Hi Jen. It was so wonderful of you to call and wish me luck the night before I was admitted. I was a little nervous about being hospitalized. I thought I was acting pretty cool about the whole thing, but you can see right through me, as usual. It just shows your insight into the human psyche (or at least into mine!). I like your suggestion that if I’m scared, I should just listen to Bach.

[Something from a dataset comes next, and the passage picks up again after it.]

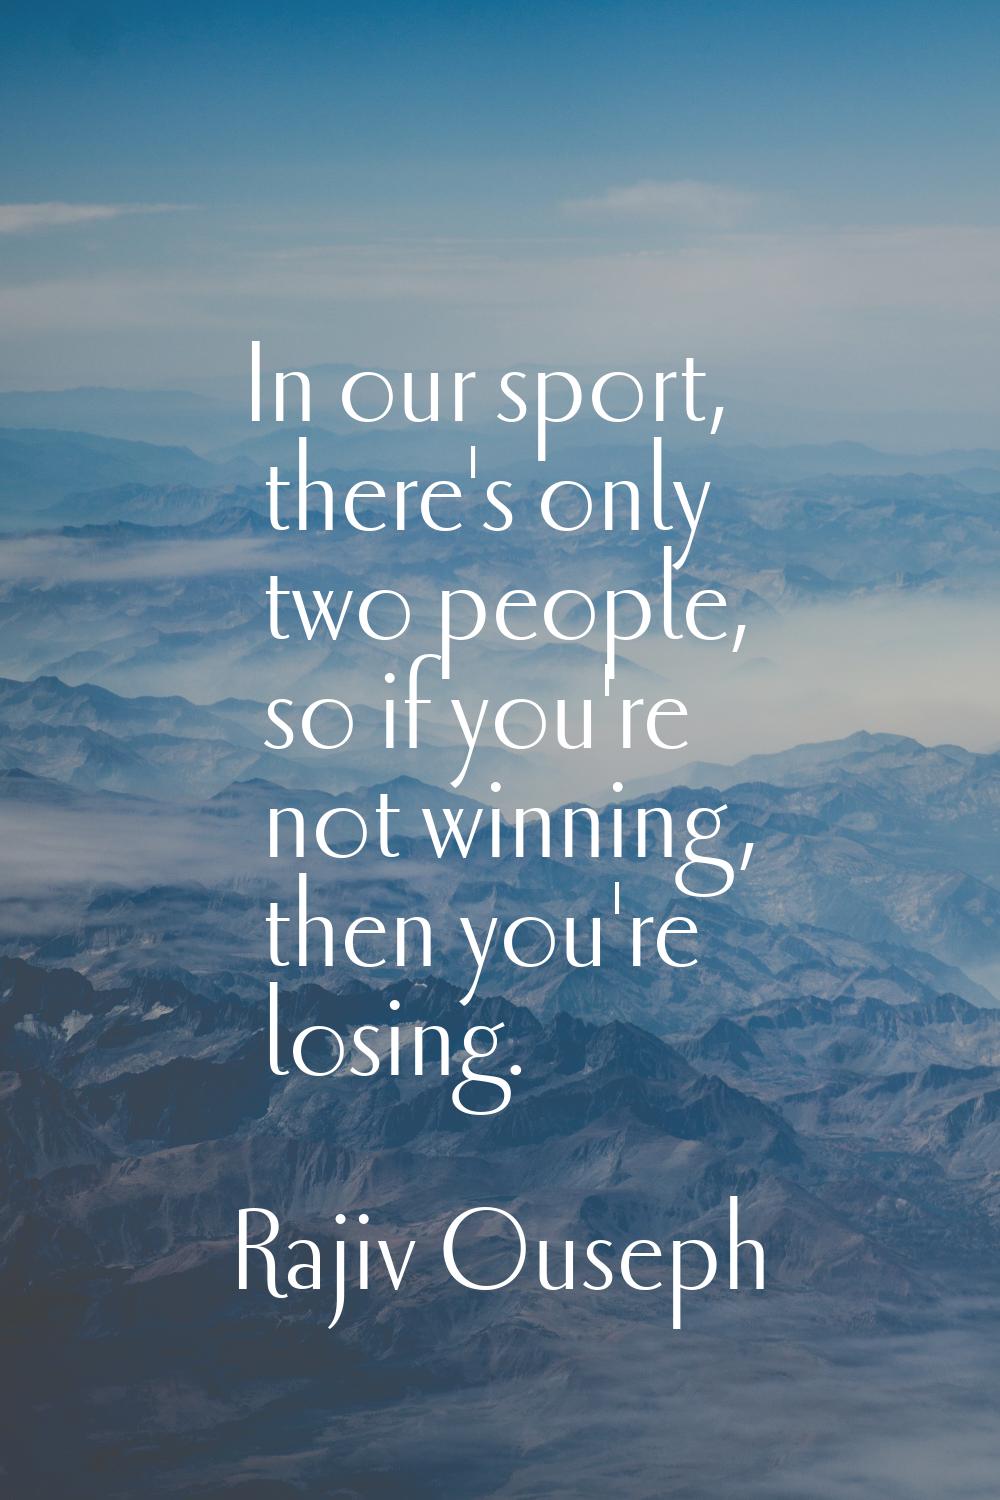 In our sport, there's only two people, so if you're not winning, then you're losing.

Let me tell you today’s chemo story. We got in at 9 am Thursday morning to admitting, and a woman named Sandy checked me in. We were supposed to wait for Escort but they took forever—now there's a shock!—so David and I jumped ship and went up to the eighth floor ourselves (I promised the woman in admitting that we would claim we snuck out and would never let on that she knew we were leaving). David helped me settle into the room here. We put my iPod and cell phone on a little table beside the bed, on their respective chargers. The room had a bed on which I spread a fuzzy green blanket from home, window with view, TV, DVD player, closet, private bathroom, and working hospital computer. I take the computer as definitive proof of the existence of God.

The floor I’m on, M8, is the Bone Marrow Transplant (BMT) floor. Although I’m not getting a BMT now (that’s plan B if the chemo is unsuccessful), sometimes lymphoma patients who are not getting transplants stay on this floor. Every patient gets a single room for two reasons. First, BMT patients are susceptible to infection, so they like to keep them isolated. Second, because the BMT patients are often here for long periods of time, sometimes up to two months or longer, the rooms are often spacious enough so that a family member can sleep over. Another thing that’s good about being here is that if I do end up needing a BMT eventually, at least I’ll be familiar with where it’s going to happen.

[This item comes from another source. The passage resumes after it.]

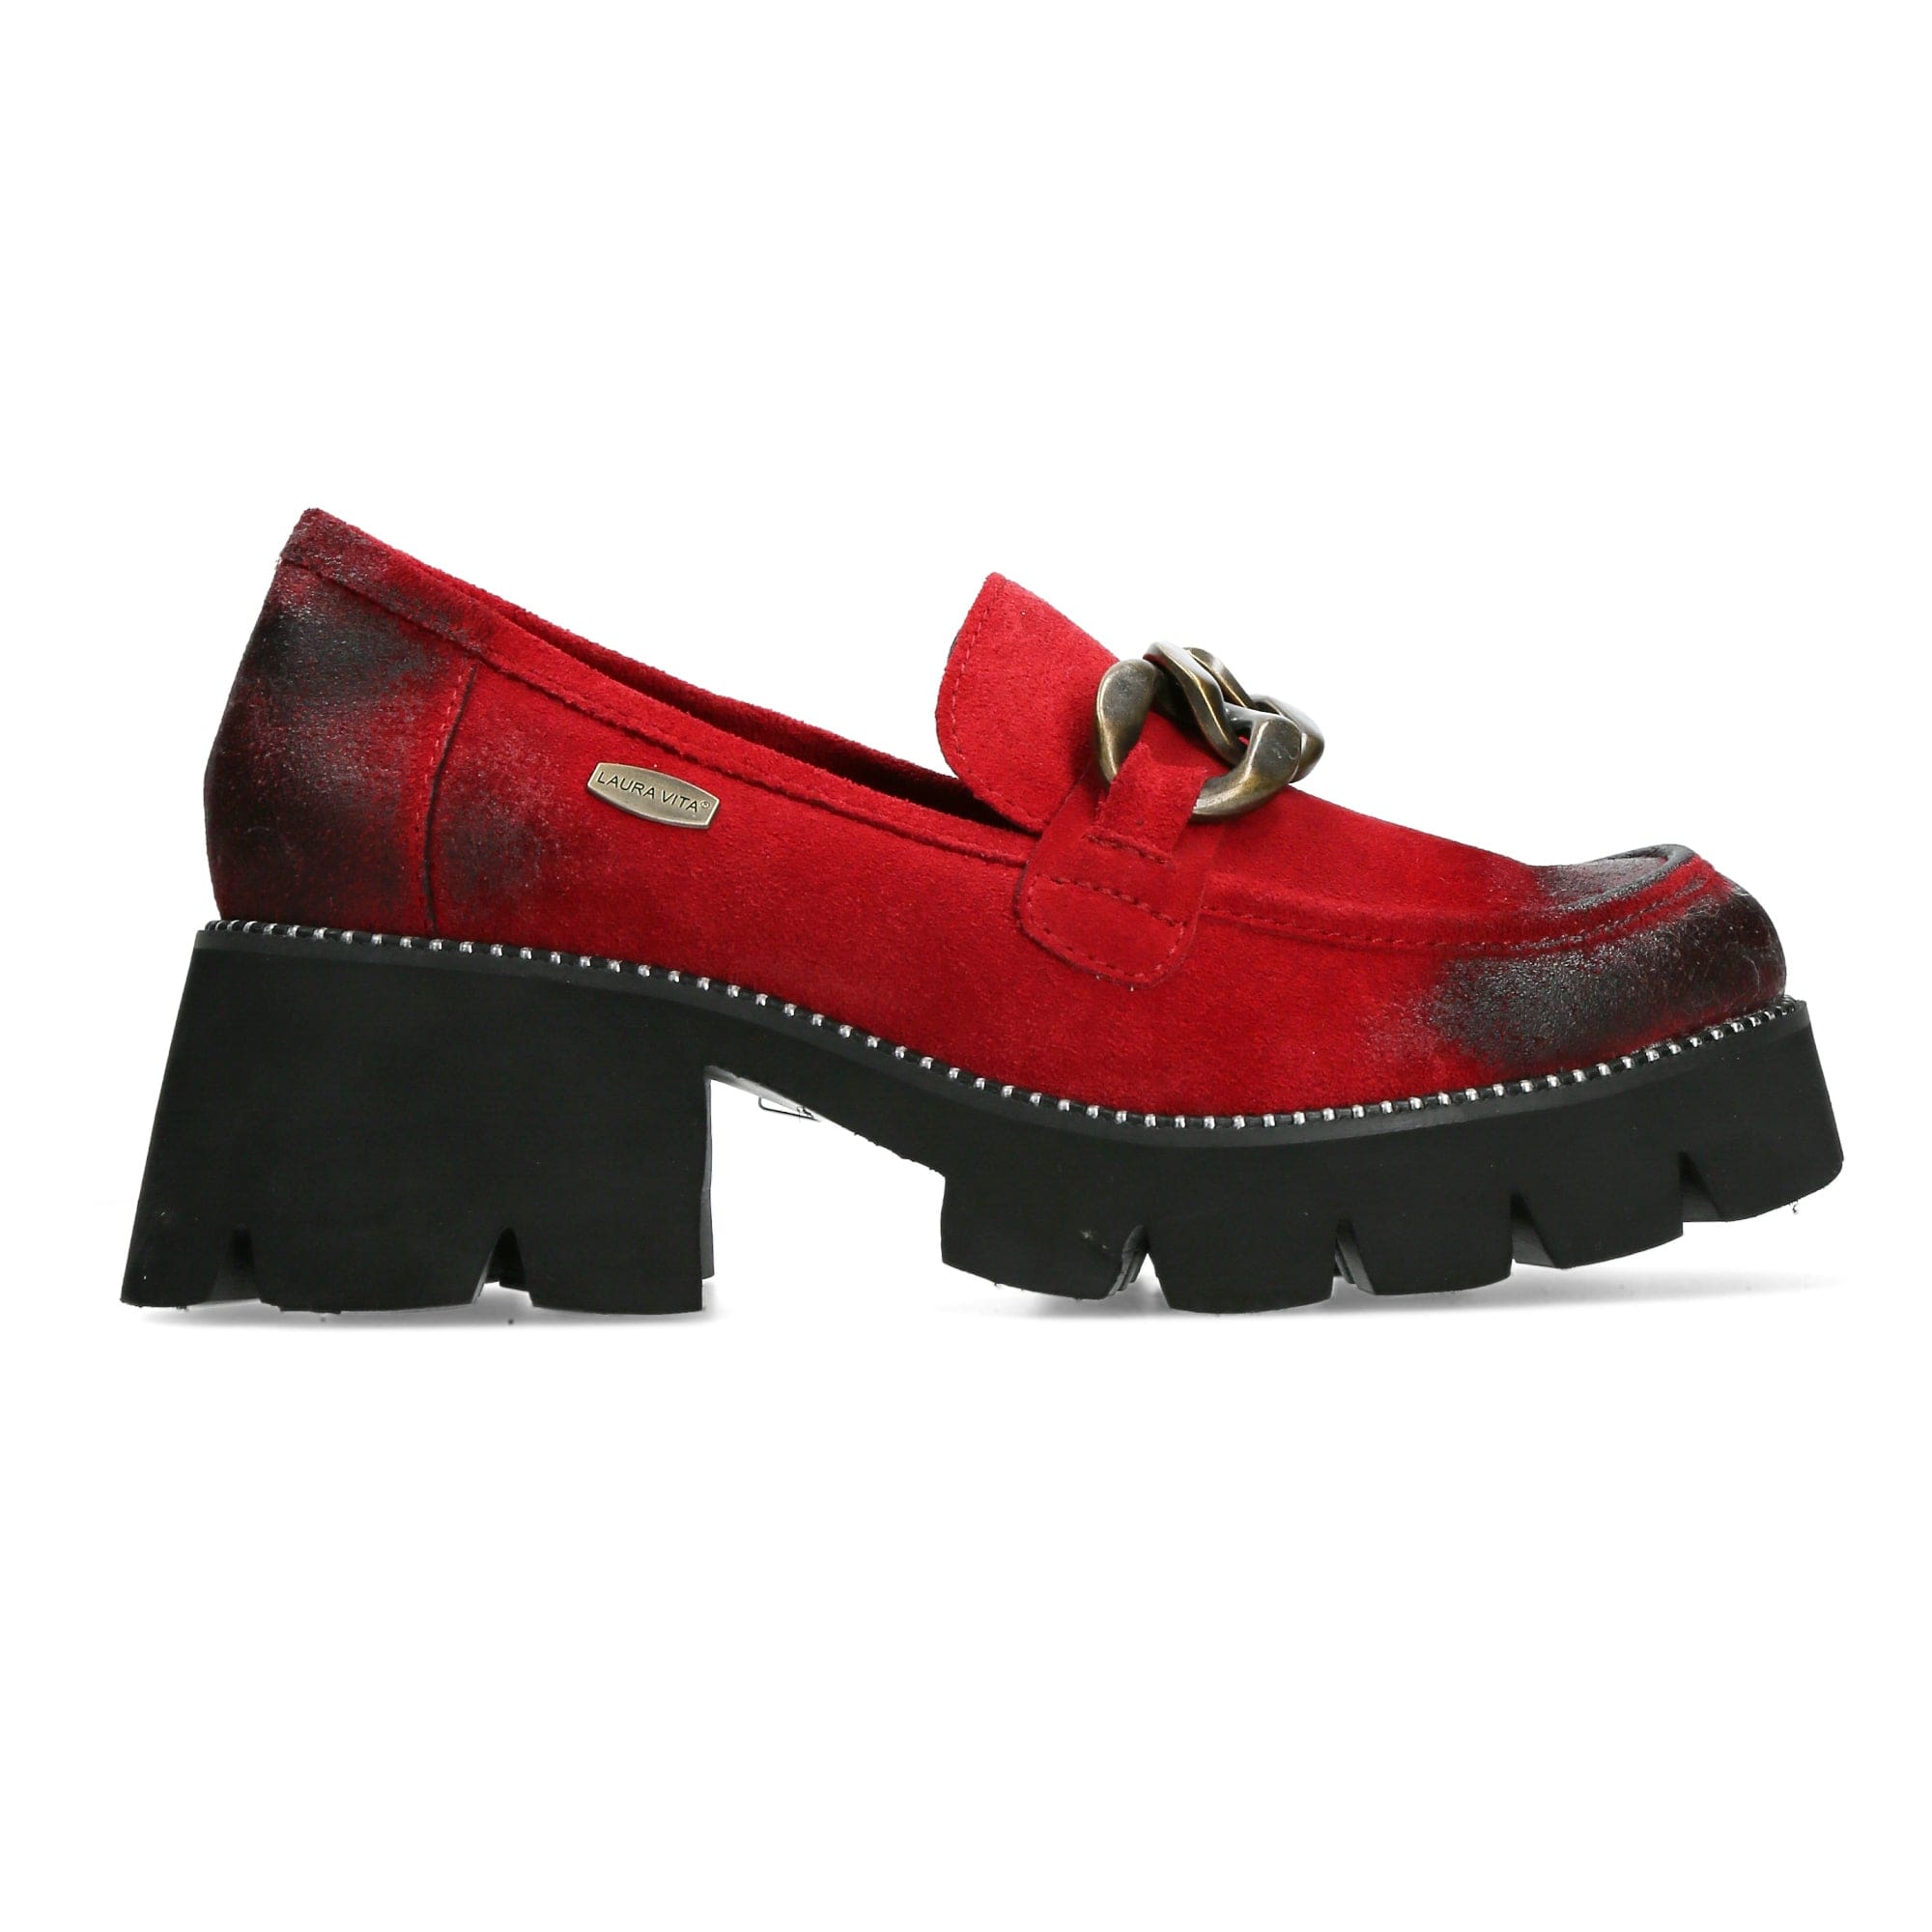 Shoe OMIO 07 - 35 / Red - Moccasin

The nurse, Trish, accessed the port, which she did fairly painlessly, using the spray. We started with four hours of hydration using a salt solution (normal saline with bicarbonate), with the goal of making the urine less acidic and more alkaline so that the methotrexate won't crystallize in the kidneys. They check the pH, which is a measure of urine acidity, before giving the methotrexate—the higher the pH, the less acidic and the more alkaline, and you want the urine to be alkaline, meaning a pH of 7.5 or higher. Mine was 8 (I've always been an overachiever). When the urine is alkalinized, they run in the methotrexate, a large bag of ugly yellow stuff.

One of the main complications of the methotrexate is painful ulcers in your gastrointestinal tract anywhere from the mouth (north) to the derriere (south). Trish told me that the best way to prevent those ulcers was by rinsing my mouth out frequently with a mouthwash called Biotene or with a bicarbonate wash. I did that every hour while I was awake.
The night nurse, Jonathan, was very nice and knew what he was doing. I had no problems or reactions, and I've been peeing up a storm—the goal is 150 cc/hr and I am doing far better. They'll hydrate me more tonight and check another urine pH. If the pH is too low, meaning it’s acidic, I'll need to take oral bicarbonate.

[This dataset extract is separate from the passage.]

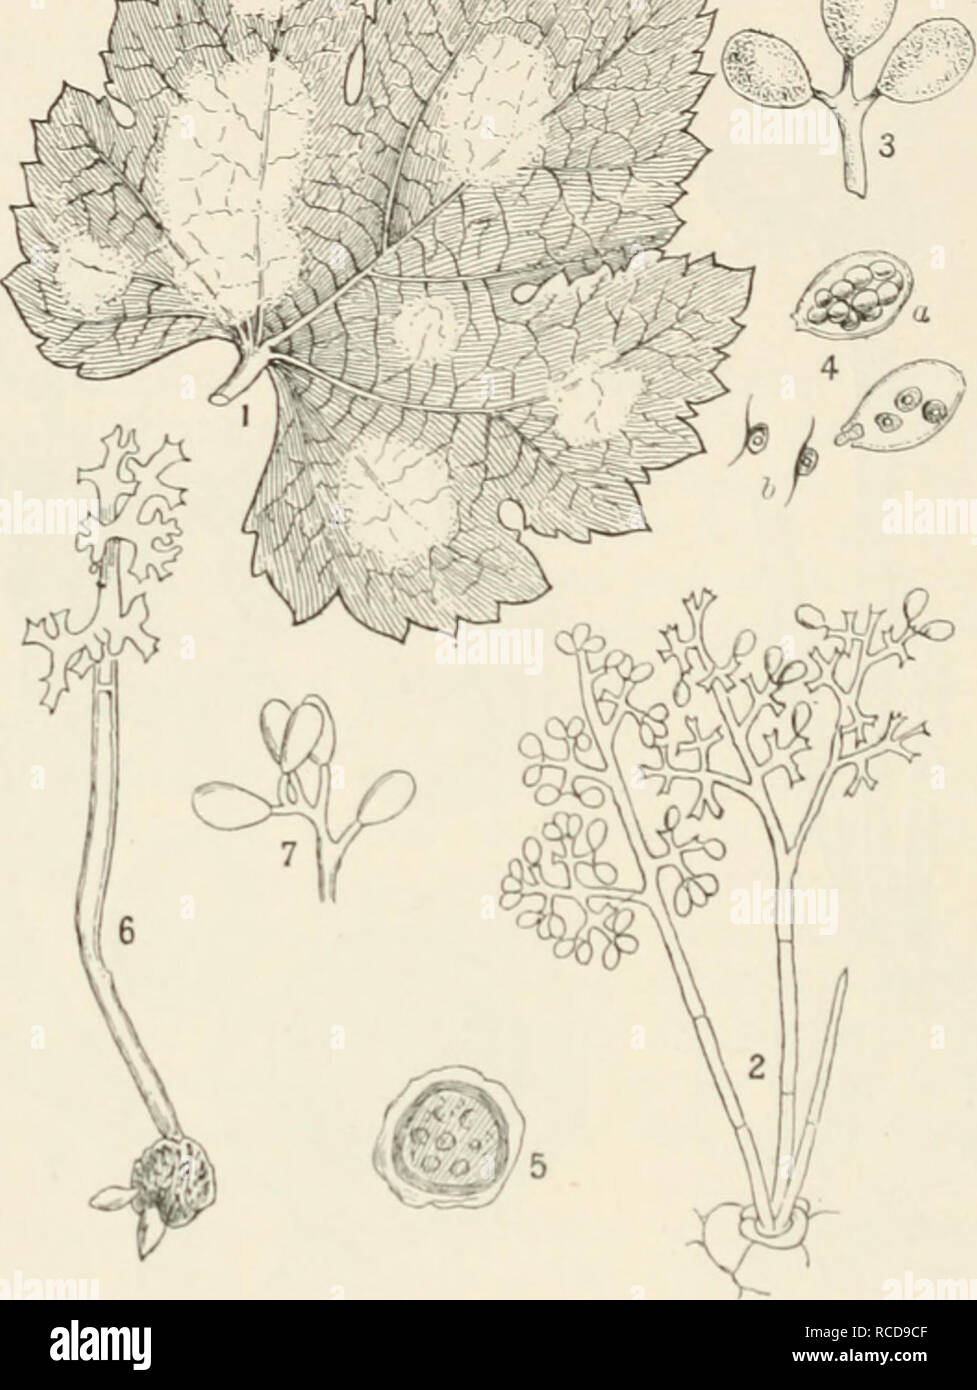 . Diseases of cultivated plants and trees. Plant diseases; Plants -- Wounds and injuries; Plants, Protection of; Trees -- Diseases and pests. I20 DISEASES OF CULTIVATED PLANTS liberated and dispersed throughout the house. Tendrils and parts of the flower behave in a similar manner when attacked. A^ffiiwJl?^ ---^T-^. Fig. 26.—Plasmopara viticola. i, under surface of a vine leaf showing white patches of mildew ; 2, group of conidiospores bearing numerous conidia ; 3, three conidia more highly mag.; 4, conidia containing zoospores, in b, two zoospores have escaped from the conidium ; 5, mature oo Stock Photo

Aimee, the ultrasound technologist from 64th Street, came to visit today with a card about how the Lord is walking by my side. When people ask what they can do to help, I say without hesitation, “Pray for me.” I can't tell you how comforting it is to have people from all different religions praying for me. I have Jews writing my name on a piece of paper and sticking it in the Wailing Wall in Jerusalem and former radiology trainees in Croatia making pilgrimages. A dear friend of mine in New Orleans sent me a small wooden bracelet with pictures of the saints. I grew up in a reformed Jewish household and was never much of a believer, but somehow I feel that this positive energy in the universe channeled in my direction has got to help. And maybe there's more out there than we think.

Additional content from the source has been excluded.